Grouch understands the following major classes of data types:

  * atomic types: anything with a distinct Python type object can
    be an atomic type in Grouch, but they're intended for types with
    a single, atomic value.  The built-in types int, string, and float
    are obvious candidates (and in fact these are present as atomic
    types by default in any Grouch schema, along with long and complex).
    You can use other built-in types (e.g. file, function) as atomic
    types, or any extension type.  For example, if you use the
    mx.DateTime module, you might add DateTime as an atomic type, so
    you can declare variables as being of type DateTime and have Grouch
    enforce that requirement.

    Examples:
      "string" denotes a string variable
      "int" denotes an integer variable
      "DateTime" denotes a DateTime variable; this only works if you
        have explicitly added an atomic type called "DateTime" to your
        schema

  * container types: Python's built-in list, dictionary, set, and
    tuple types.  (Classes that act like lists, dictionaries, and tuples
    are "instance-container" types, and I haven't yet decided what to do
    about the type-class unification in Python 2.2.)

    Grouch enforces fairly stringent rules for container types:
      - lists must be homogenous, i.e. all elements of the same
        type, and may be of any length
        Examples:
          "[string]" denotes a list of strings
          "[int|long]" denotes a list of either ints or longs
            (a union type; see below)
          "[any]" denotes a list of anything (ie., no enforcement)
            (see below for "any" types)

      - dictionaries must be separately homogenous: all keys must
        be of the same type, and all values must be of the same type.
        (Incidentally, Grouch knows nothing about which types are
        hashable and allowed to be dictionary keys; that's enforced by
        Python at run-time.)  The key type and value type are specified
        separately.
        
        Examples:
          "{ string : int }" denotes a dictionary mapping strings to ints
          "{string : int|long} denotes a dictionary mapping strings
            to either ints or longs
          "{long : [string]} denotes a dictionary mapping longs to
            lists of strings

      - tuples are hetergenous (mixed-type) but fixed in size, and each
        "slot" is fixed in type.

        Examples:
          "(int,)" denotes a tuple containing exactly one integer
          "(string, string)" denotes a pair of strings
          "([int|long], string, int)" denotes a triple:
            list of (int or long), string, int

        Tuple types have one exception to this rule: if a tuple type is
        "extended", then the rules change for its last slot: for
        example, the extended tuple type "(string, int*)" denotes a
        tuple with exactly one string followed by zero or more ints.
        The following are all valid values of this type:
          ("foo", 3)
          ("foo", 3, 1)
          ("foo", 2, 5, 1, 6, 2, 1, 4, 5, 1, 15, 6, 2, 5)
          ("foo",)
        
        This is mainly used for tuples that act like lists, eg. if you
        want a list of strings to be usable as a dictionary key, you
        code it as a tuple of strings instead (lists aren't hashable).
        This practice is incompatible with Grouch's basic tuple
        definition, so extended tuples are provided as an escape
        mechanism.

      - set must be homogenous, i.e. all elements of the same
        type.

        Examples:

          "{string}" denotes a set of strings
          "{int|long}" denotes a set of either ints or longs
            (a union type; see below)
          "{any}" denotes a set of anything (ie., no enforcement)
            (see below for "any" types)

    Note that "of the same type" refers to Grouch types, not Python
    types.  For example, if a variable is declared "[int|long]",
    each element is checked separately to make sure it is either
    an int or a long; [1, 2L, 3] is a valid value of the type
    "[int|long]".  (Again, union types are described below.)

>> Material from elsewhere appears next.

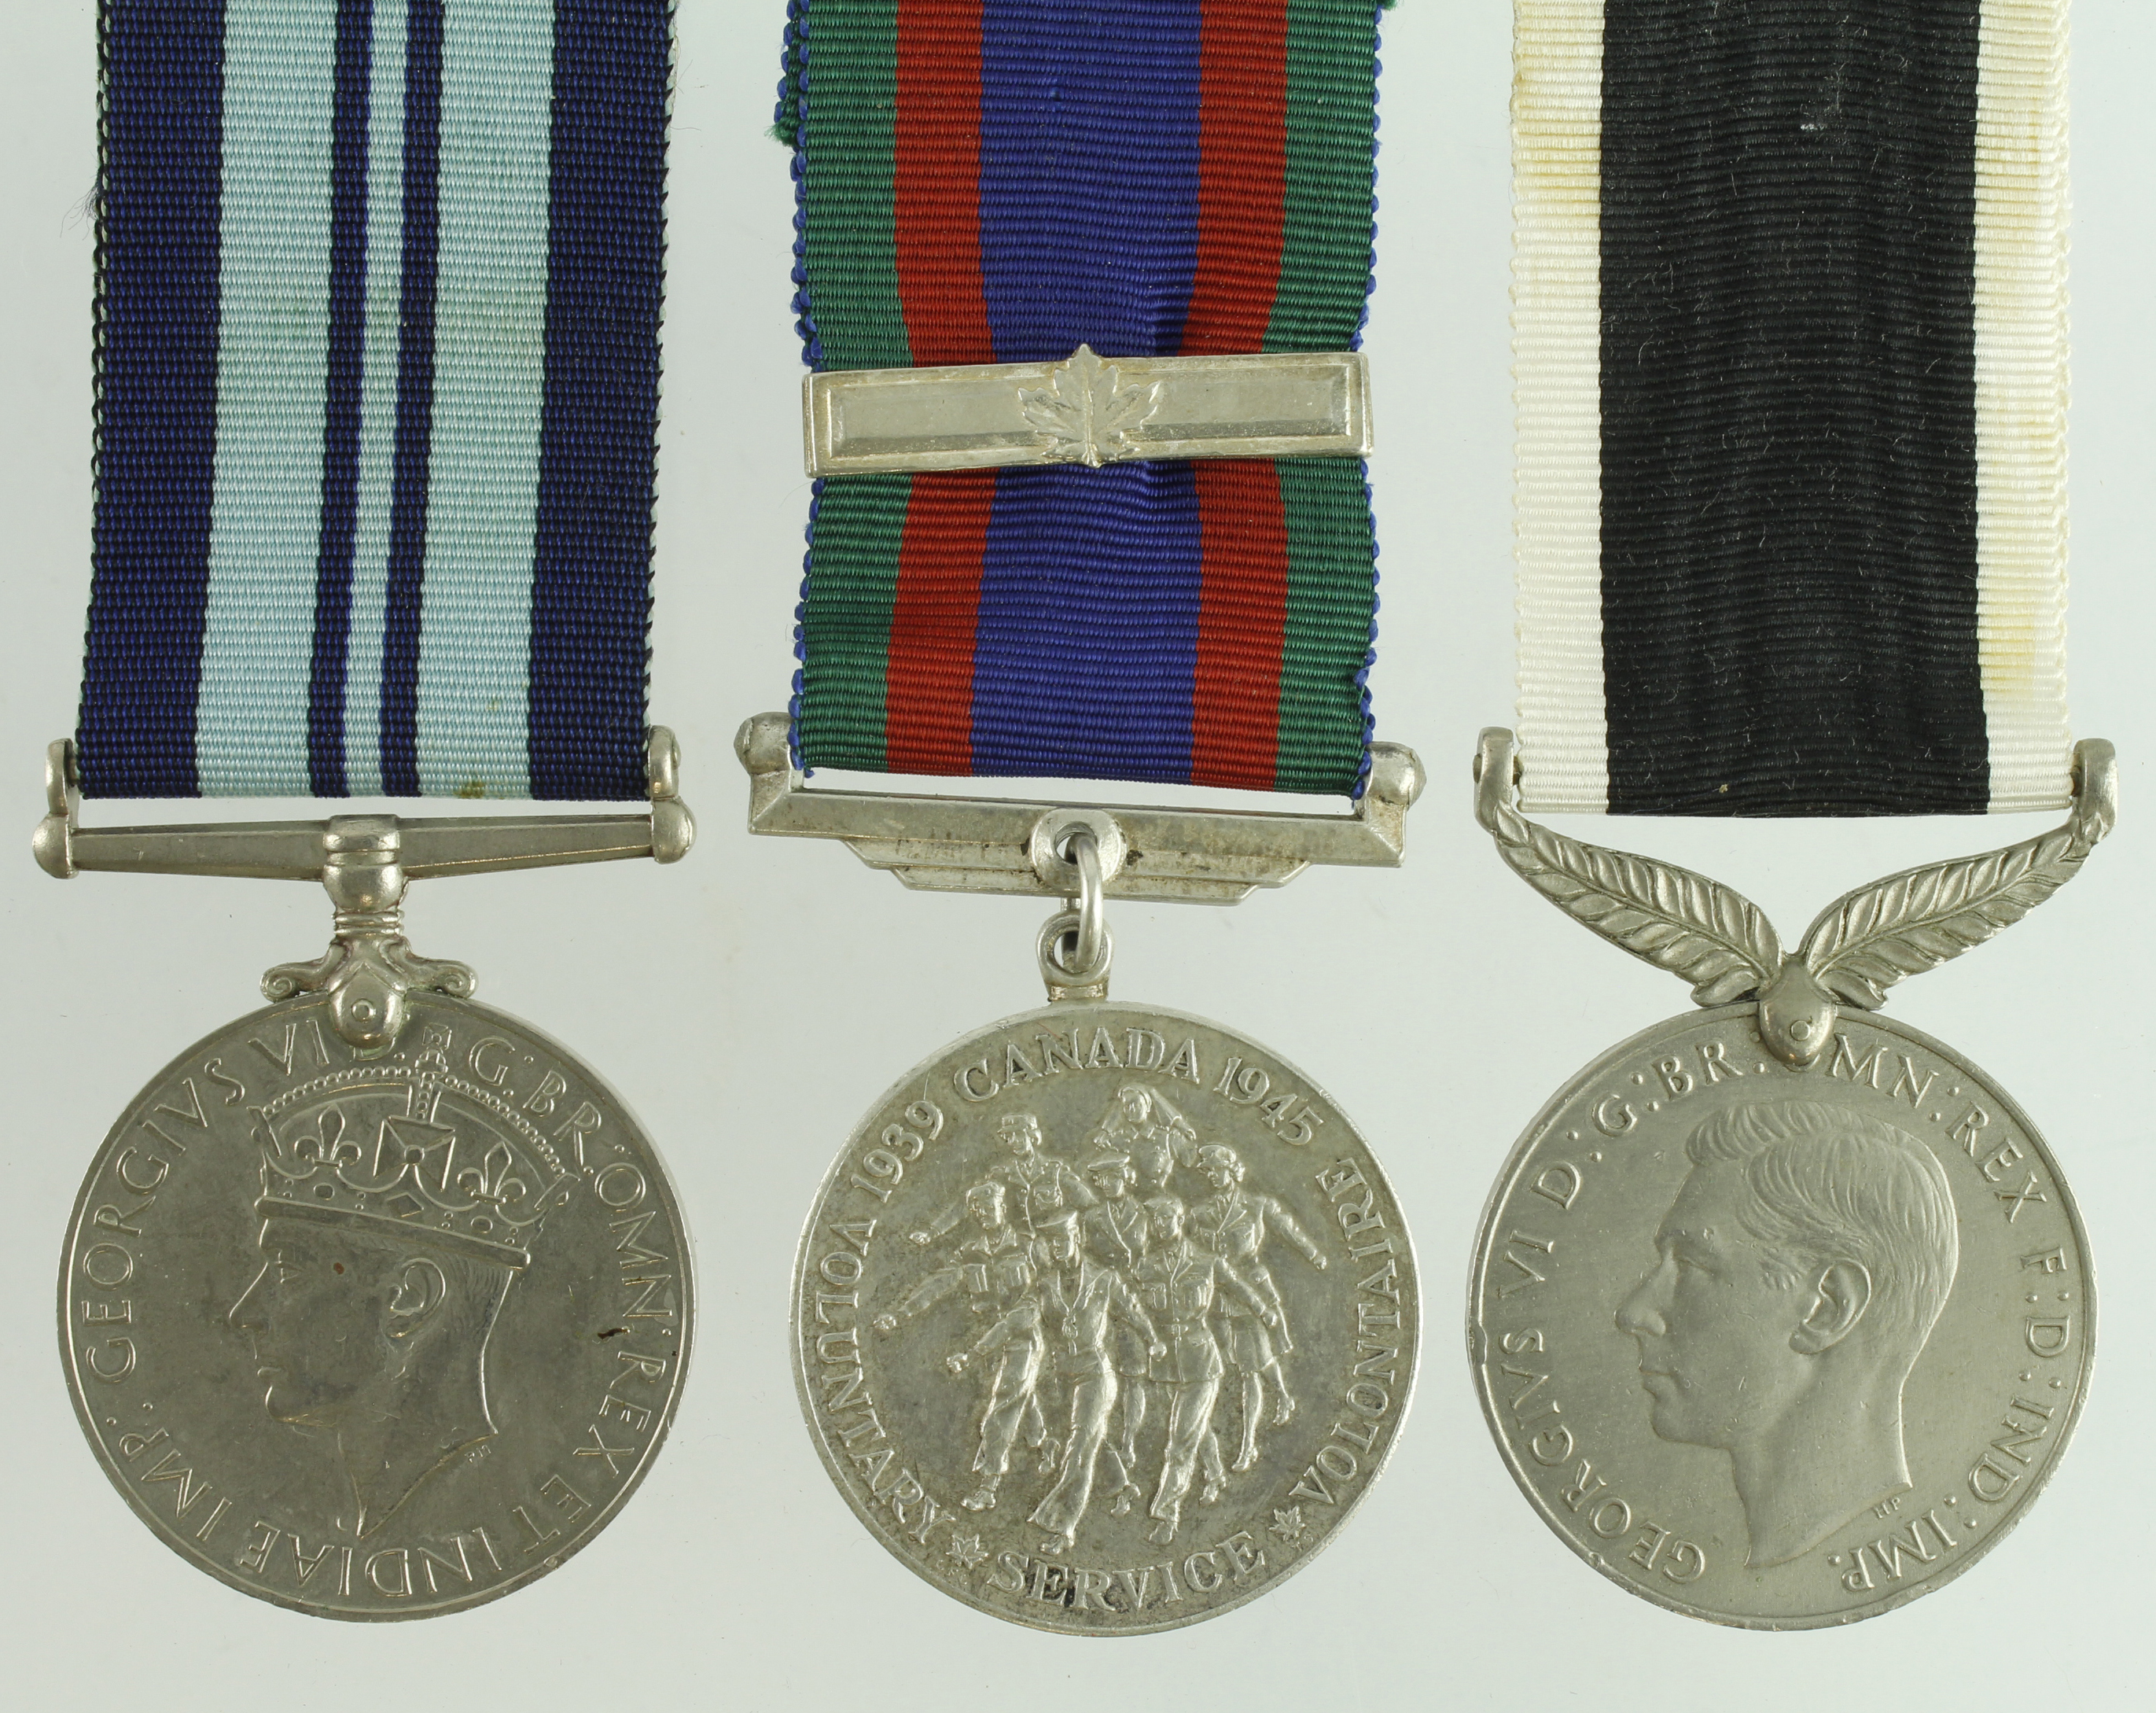 New Zealand Service Medal 1939-45, India Medal 1939-45, and Canadian Voluntary Service Medal 1939-45

  * instance types: used for class instances.  A class Foo defined in
    the module foo.bar has an associated instance type "foo.bar.Foo".
    Generally, it's not enough to say that a variable is of type
    "foo.bar.Foo"; you also want to specify the instance attributes of
    Foo (and their types!).  Each instance type has an associated class
    definition that stores this information.  This is where Grouch's real
    power shines through, because typically Python data is accessed via
    an instance of some class.  If your schema has a class definition
    for that "root class", and for the class of each object reachable
    from the root, Grouch will crawl your entire object graph, ensuring
    that every instance, every attribute of every instance, and every
    element of every container anywhere in that object graph is of the
    correct type.

    The essential ingredient of a class definition is its attribute
    list.  This is described below, in "Defining a class schema".

    Examples:
      "FooBar" denotes an instance of class FooBar defined in
        the main program
      "thing.Thing" denotes an instance of class Thing defined
        in module thing

  * instance-container types: Python classes often implement the
    semantics of lists, tuples, or dictionaries.  You don't want to give
    up type-checking every attribute of instances of such classes, but
    you also want to make sure that they conform to the strict
    type-checking rules Grouch applies to containers.  Hence,
    instance-container types marry the two.

    Examples:
      "UserList.UserList [string]"
        denotes an instance of the UserList class, defined in the
        UserList module, that acts like a list of strings
      "MyDict { string : int|long }"
        denotes an instance of the MyDict class that acts like a
        dictionary mapping strings to either ints or longs

  * union types: any set of Grouch types may be combined to form a
    union type.  A candidate value is tested against each sub-type of
    the union type, and only rejected if all of the sub-types reject it.

    Examples:
      "int | long" denotes a value that may be either an int or a long
      "string | [string] : (string, string)"
        denotes a value that may be either a string, a list of strings,
        or a pair (tuple) of strings

  * wildcard type: used for variables that can be of any value.
    There is only one wildcard type, spelled "any".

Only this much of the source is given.